In other words, not easy.
Here’s my educated guess:
The court reporter recorded the original notes in a computer system with its own file format. He then output these files naming them “.txt”. They may or may not contain plain text without formatting; it is hard to know without looking at the original file.
You then opened these files on a Macintosh using an editor that you do not mention. This editor may expect a particular file format, or may not. Again, without knowing which editor you used, I can not say.
This editor may be interpreting characters in the file as “formatting” characters, and thus display the file weirdly, with capitalization, fonts, and other info that is really not there.
So, you may have files that are perfectly fine, but you aren’t looking at them the right way.
Let me clarify.
Microsoft Word is a well-known document editor for both PC and Mac. You can format with fonts, put in line breaks and tables, and so forth. This formatting is stored in a Word file (.doc) as special characters that do not show up on your screen and do not print, yet they are there in the file itself.
If I were to edit a .doc file in another editor that knew nothing of Word, I would see strange behavior.
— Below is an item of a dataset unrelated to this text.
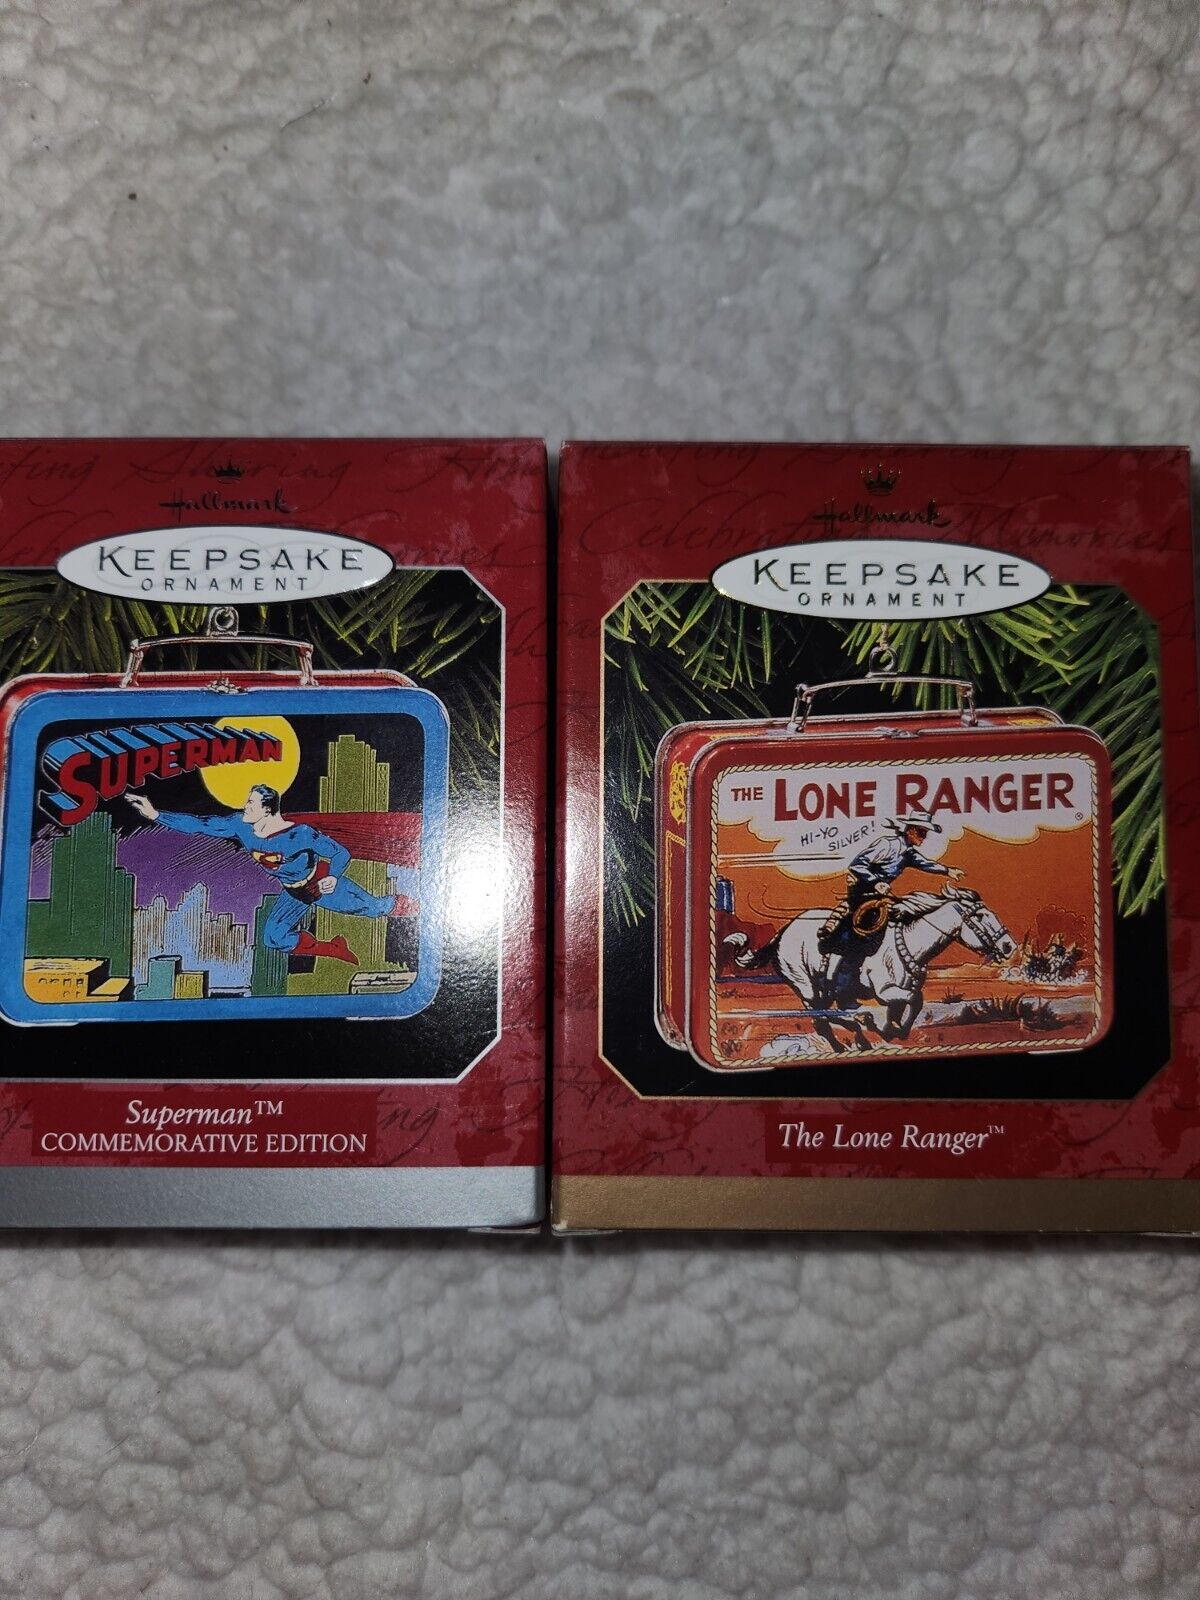 Hallmark 1997 Lone Ranger lunchbox and 1998 Superman lunchbox ornaments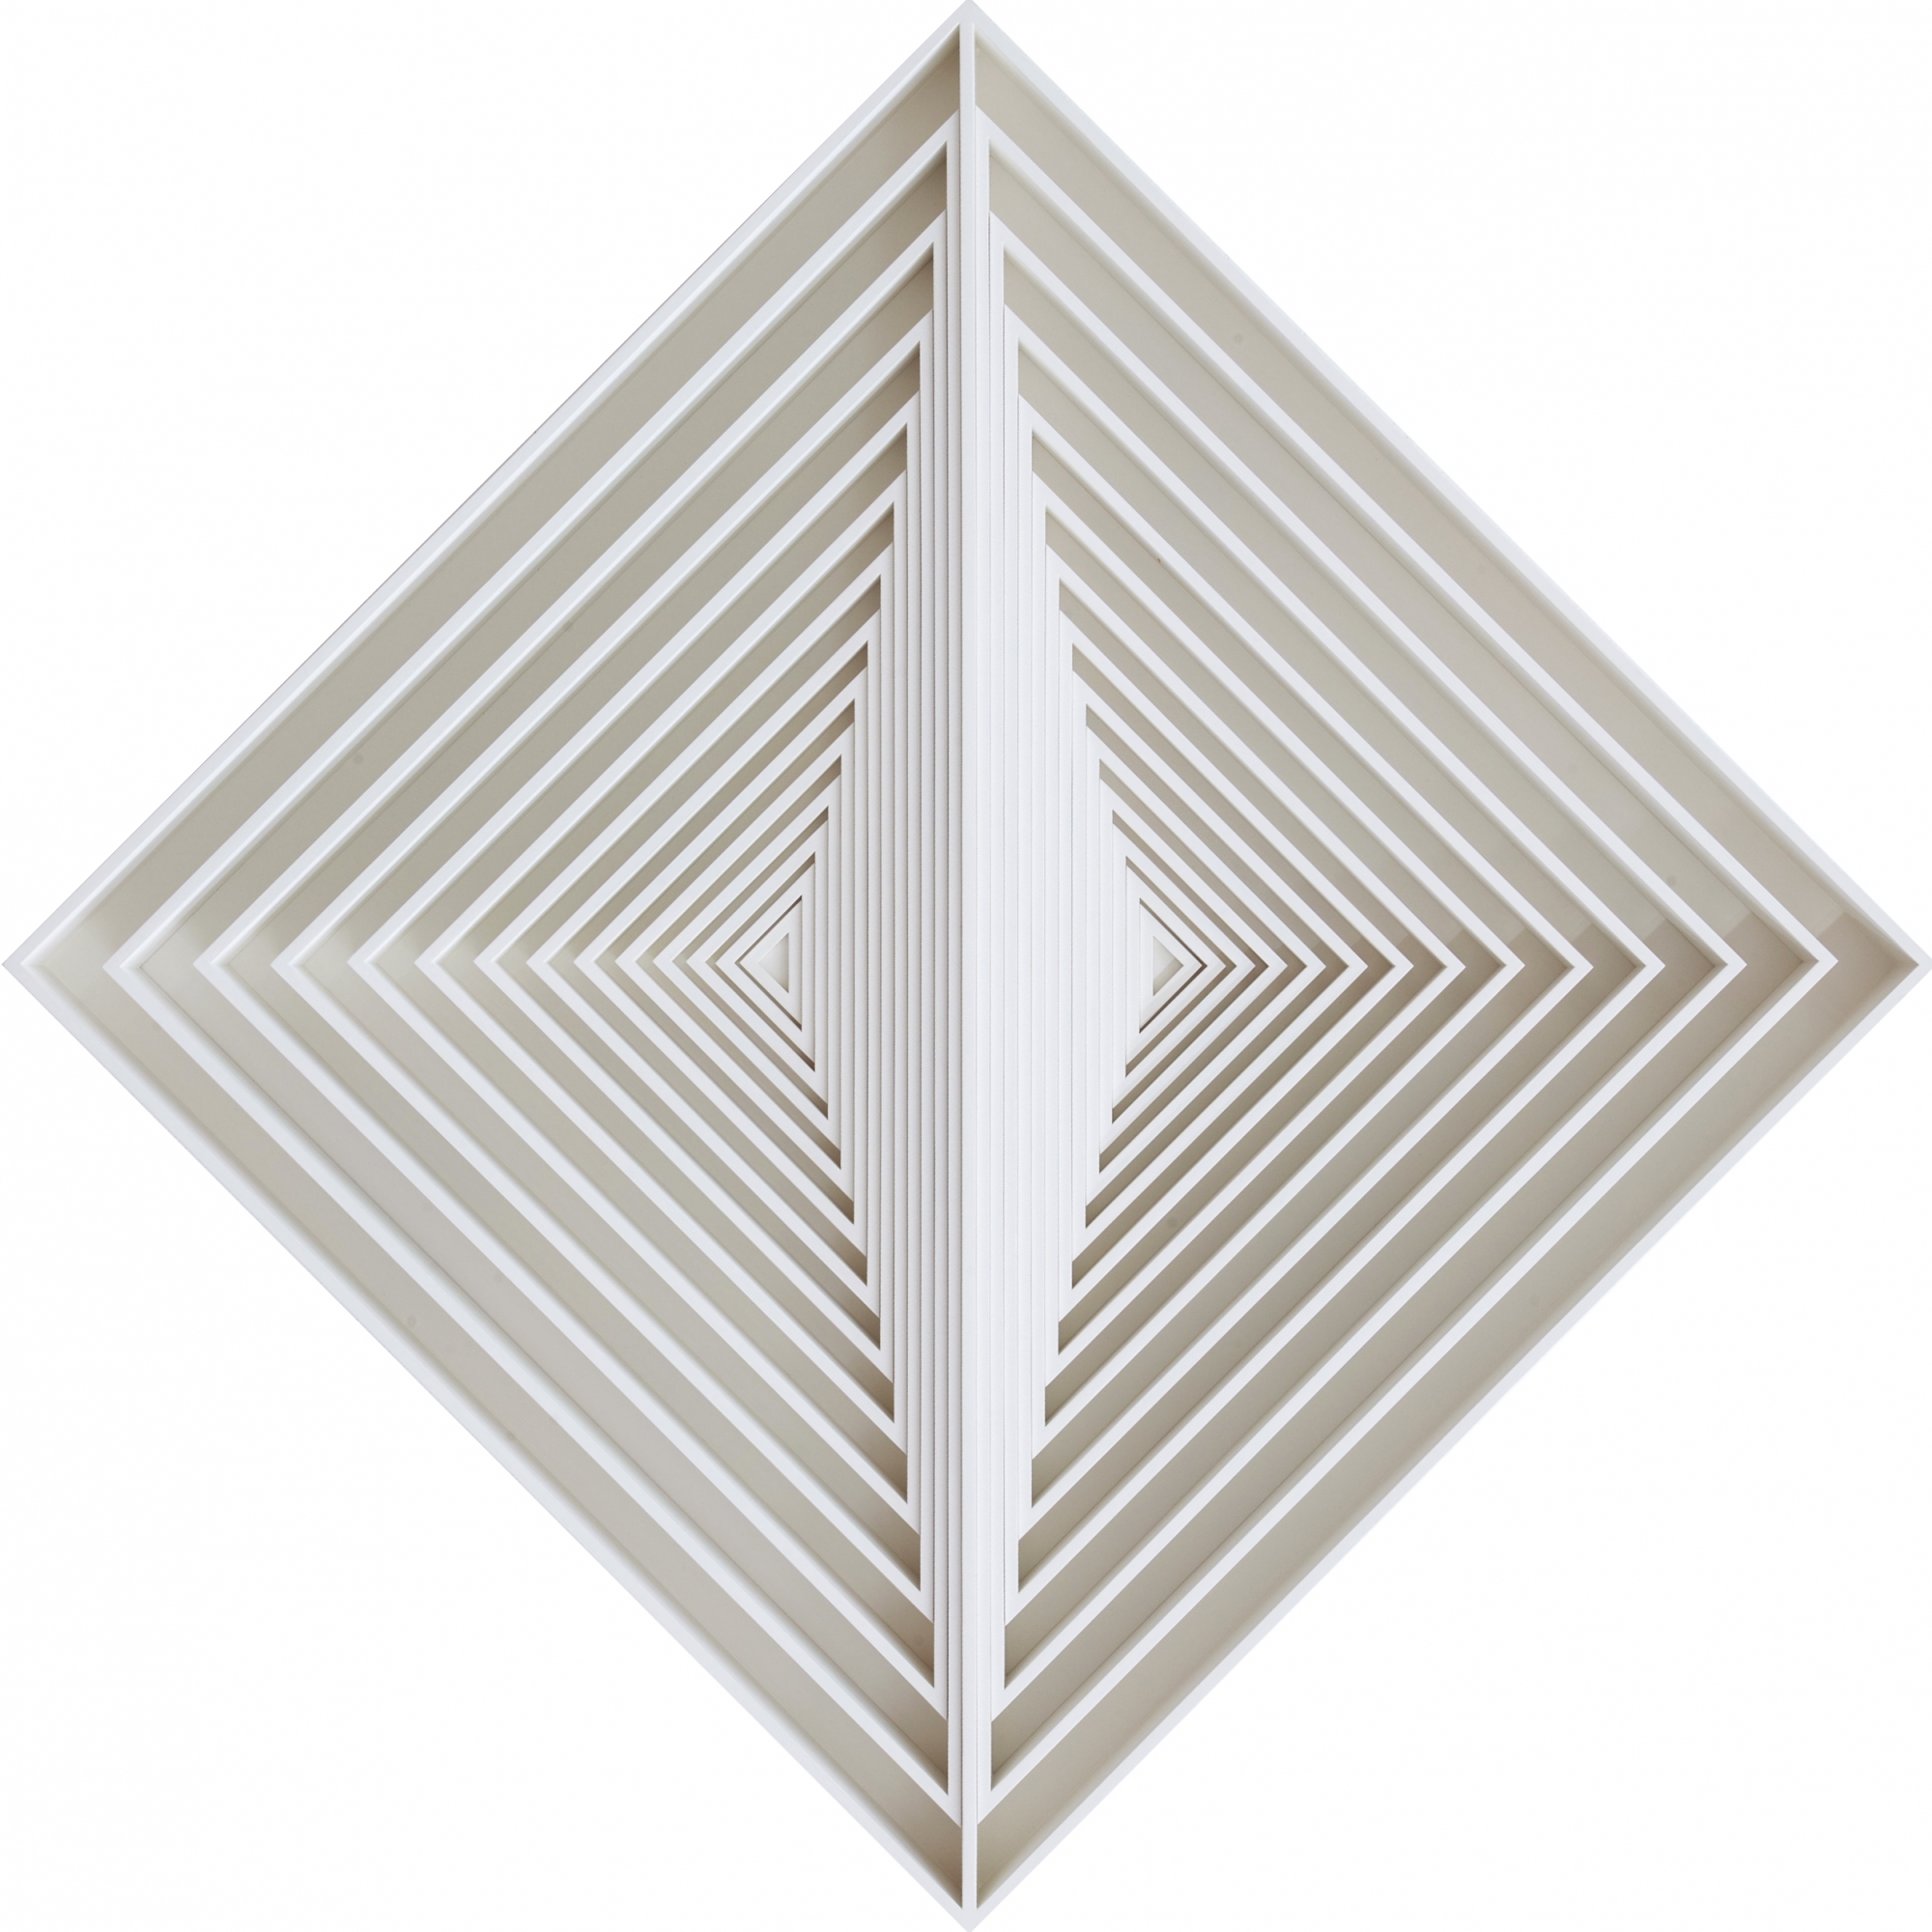 Ascânio MMM | Triângulos 1, 1969/2009

The editor might treat the special characters as formatting, or might assume that they are text. I don’t think this second editor would give you the same result that Word would.
Conversely, with a bit of thinking I could make a file out of characters plus other “stuff” that, if I named it “.doc”, would display strangely in Word.
Remember that to a computer, everything in a file is, in the end, 0s and 1s. By convention (and this is a simplification that assumes only countries that use a Roman alphabet), each set of 8 0s and 1s is called a byte. An editor program assumes that each byte represents a character, in a “code”. A byte can represent 256 codes, so you have a limit of 256 characters.
Almost all programs across all operating systems use the 8-bit ASCII coding scheme. All of the codes have a printable character associated with them, although some are also used for old-style control codes. An editor program should be able to read these codes out of the file and display them. The issue, though, is whether or not the program has the right fonts to do this.
Sigh. Even if a program understands all 256 codes, it has to be able to map them to something you understand. It has to map the ASCII code for lowercase “a” to something in a font file that will put lowercase “a” on the screen and also on a printer.
All the “.txt” ending on the file says is “interpret this file as a set of ASCII characters”. You put in all 0s into a .txt file and the editor will open it and display weird characters, because the ASCII code of 8 0s maps to a character that usually does not display in any font.
This only scrapes the surface of what is going on. A good SW engineer or tech writer could look at the file and figure out what’s wrong, I am sure. He or she might even be able to fix it automatically. I’m a tech writer and I’ve done stuff like this before.
Alas, I have no way of contacting you, or you me.